WHAT TO WORK ON
Copy word for word the lines in the records below, starting at the line with "Simple Landscape Proposal" and ending at the line with "2018 Mambo Horse cover". Skip the pictures.

THE DATA
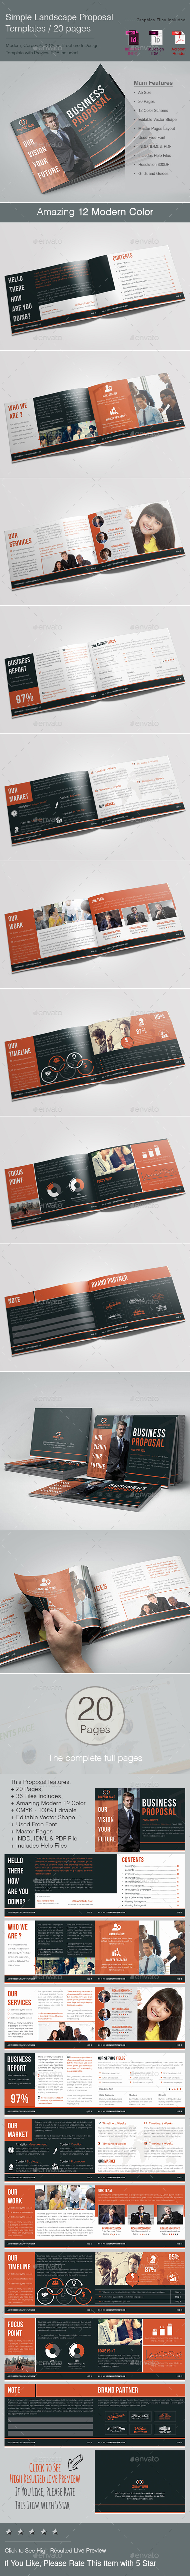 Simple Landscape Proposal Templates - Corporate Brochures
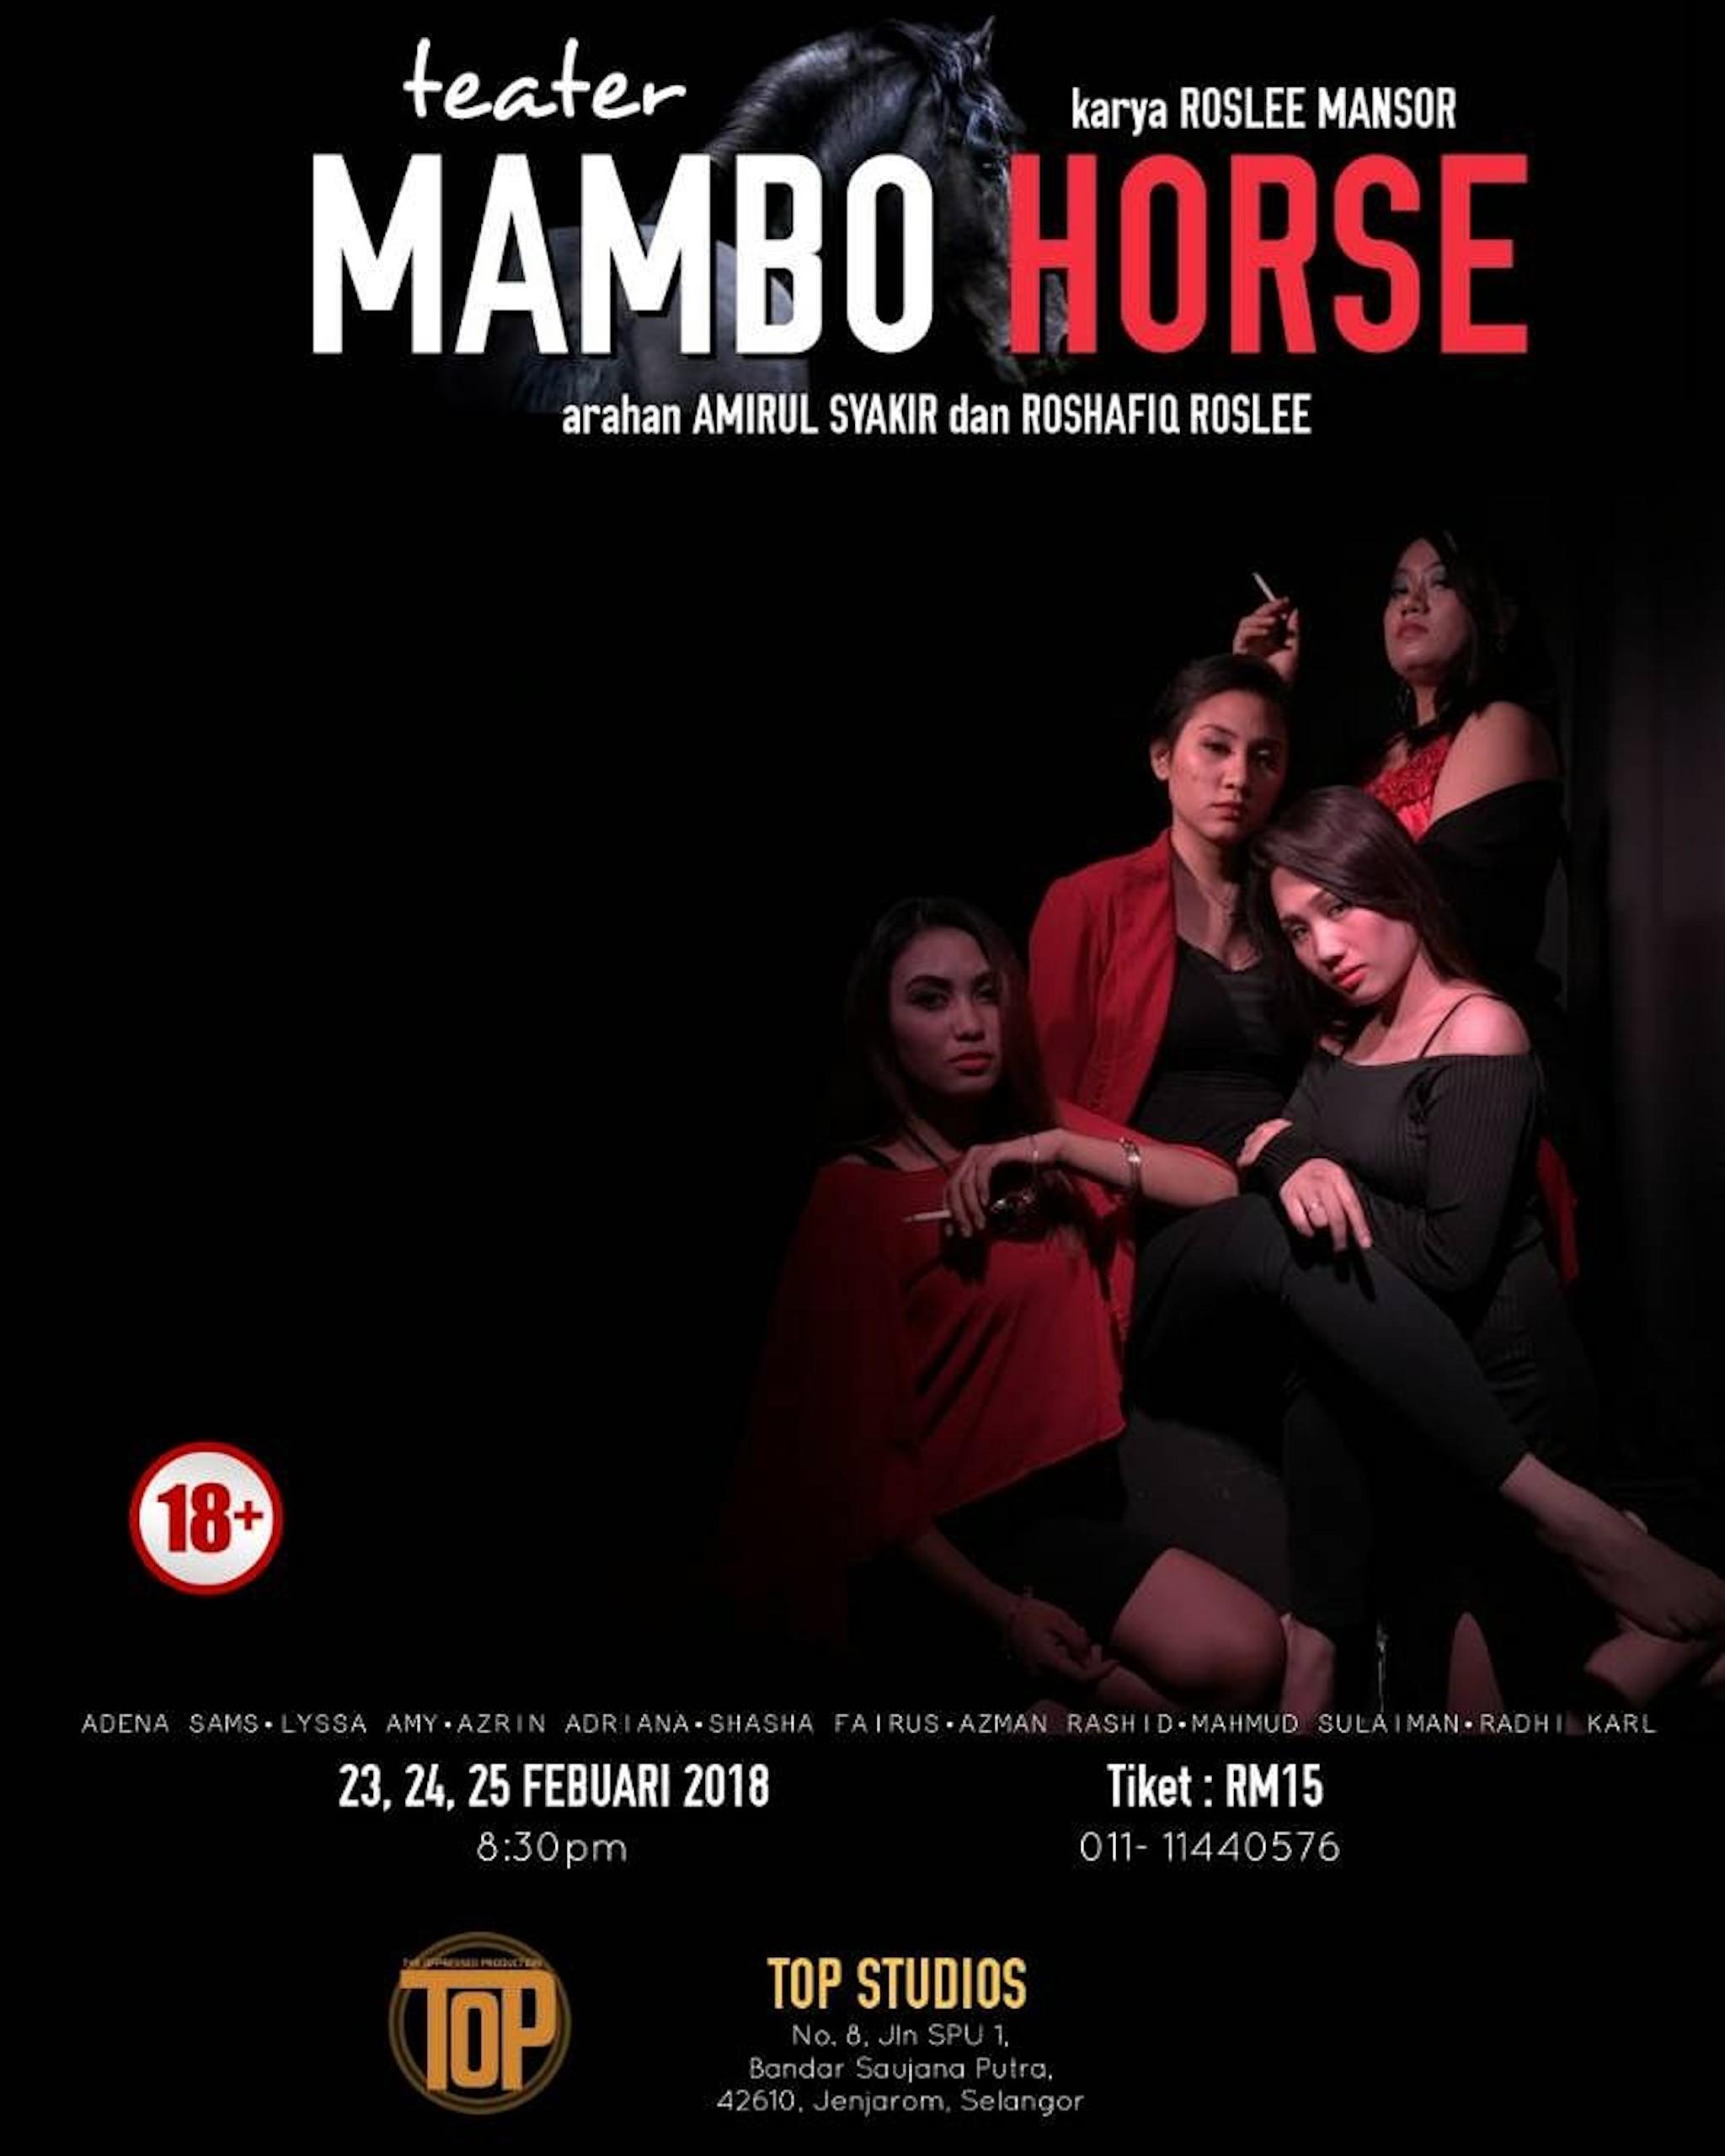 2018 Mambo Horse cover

...

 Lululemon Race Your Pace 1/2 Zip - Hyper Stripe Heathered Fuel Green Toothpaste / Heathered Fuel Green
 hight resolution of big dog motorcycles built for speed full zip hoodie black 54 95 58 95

--

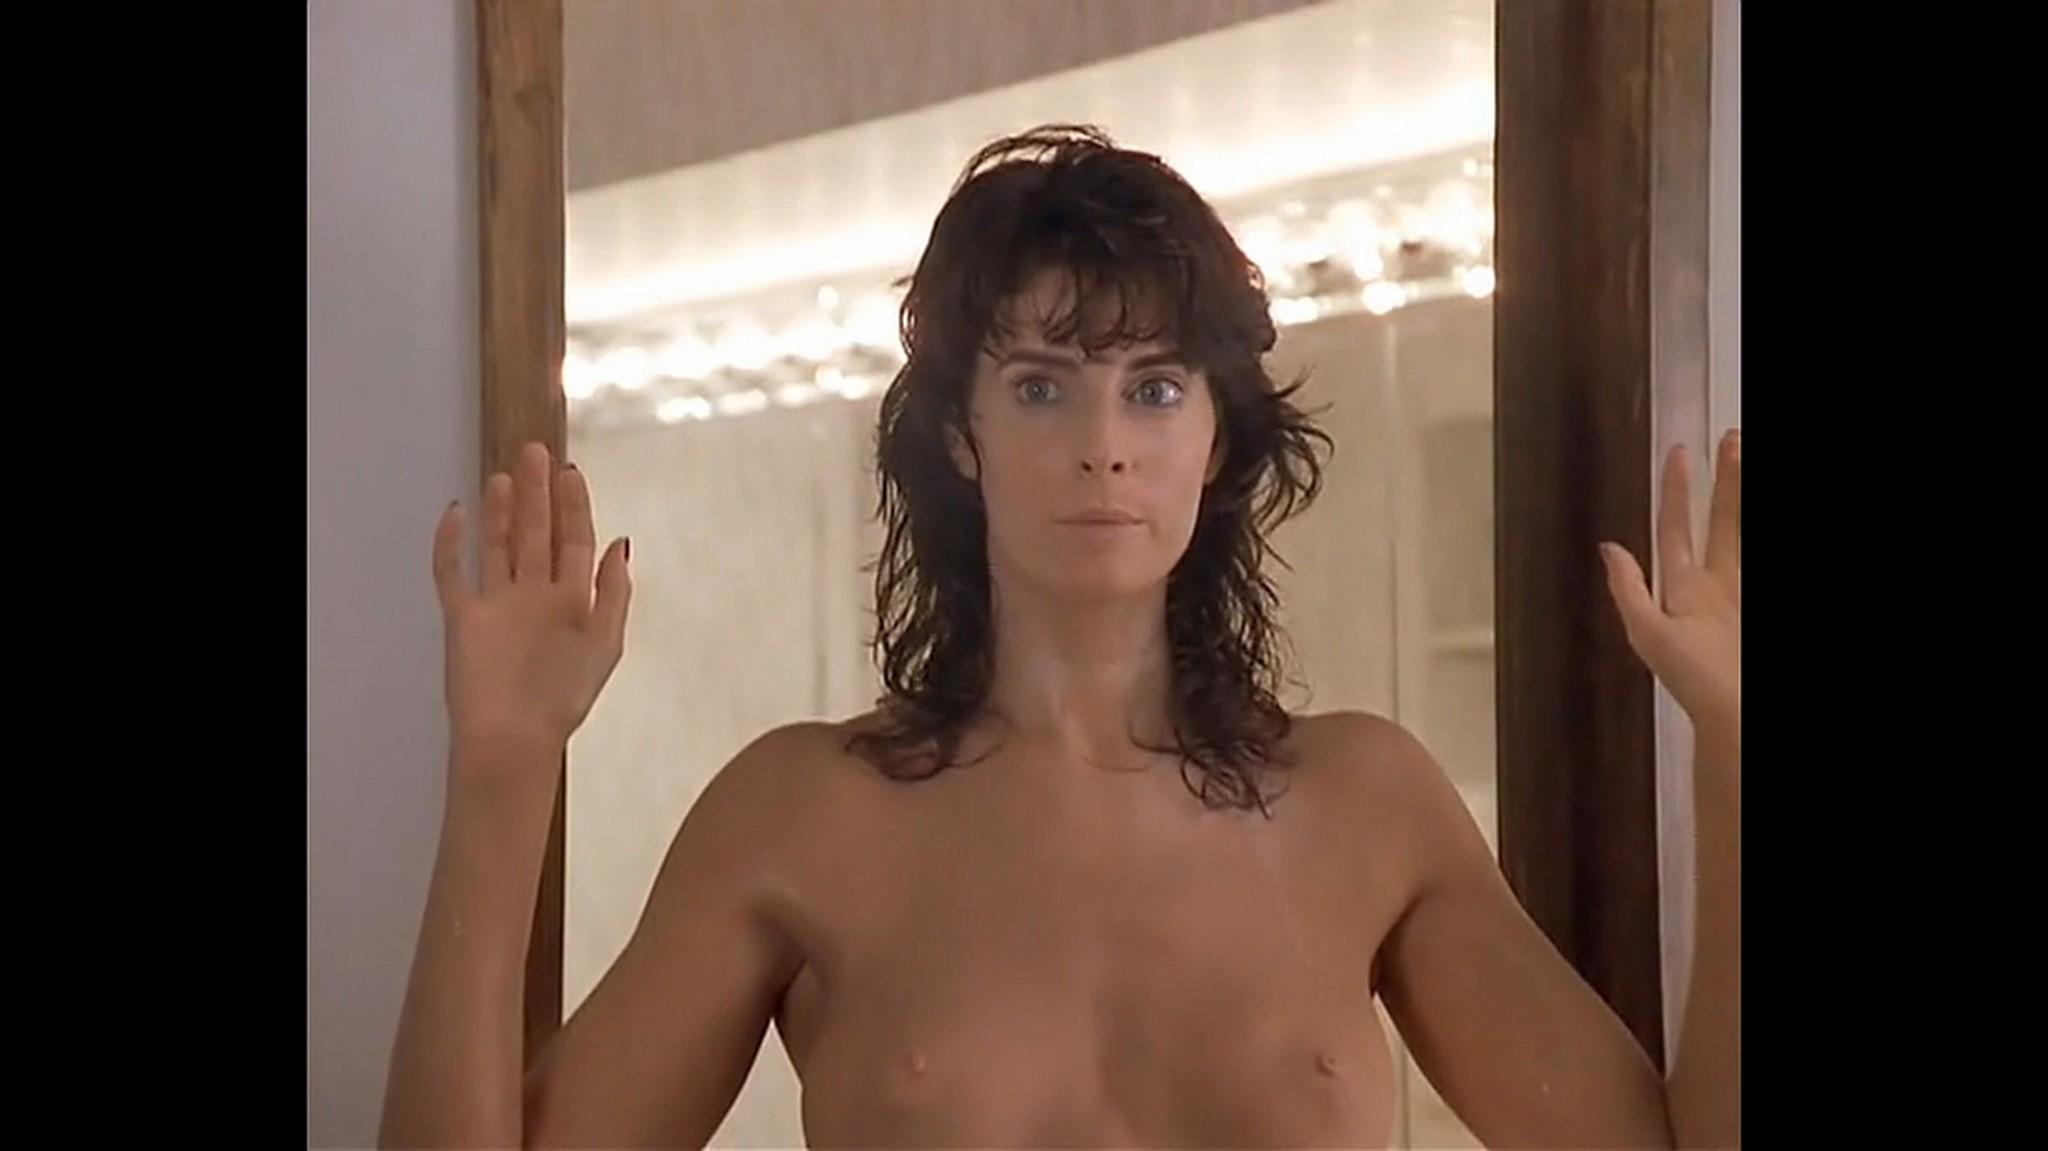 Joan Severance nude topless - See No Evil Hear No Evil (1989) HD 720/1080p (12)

RESULT OF THIS TASK
 Simple Landscape Proposal Templates - Corporate Brochures
 2018 Mambo Horse cover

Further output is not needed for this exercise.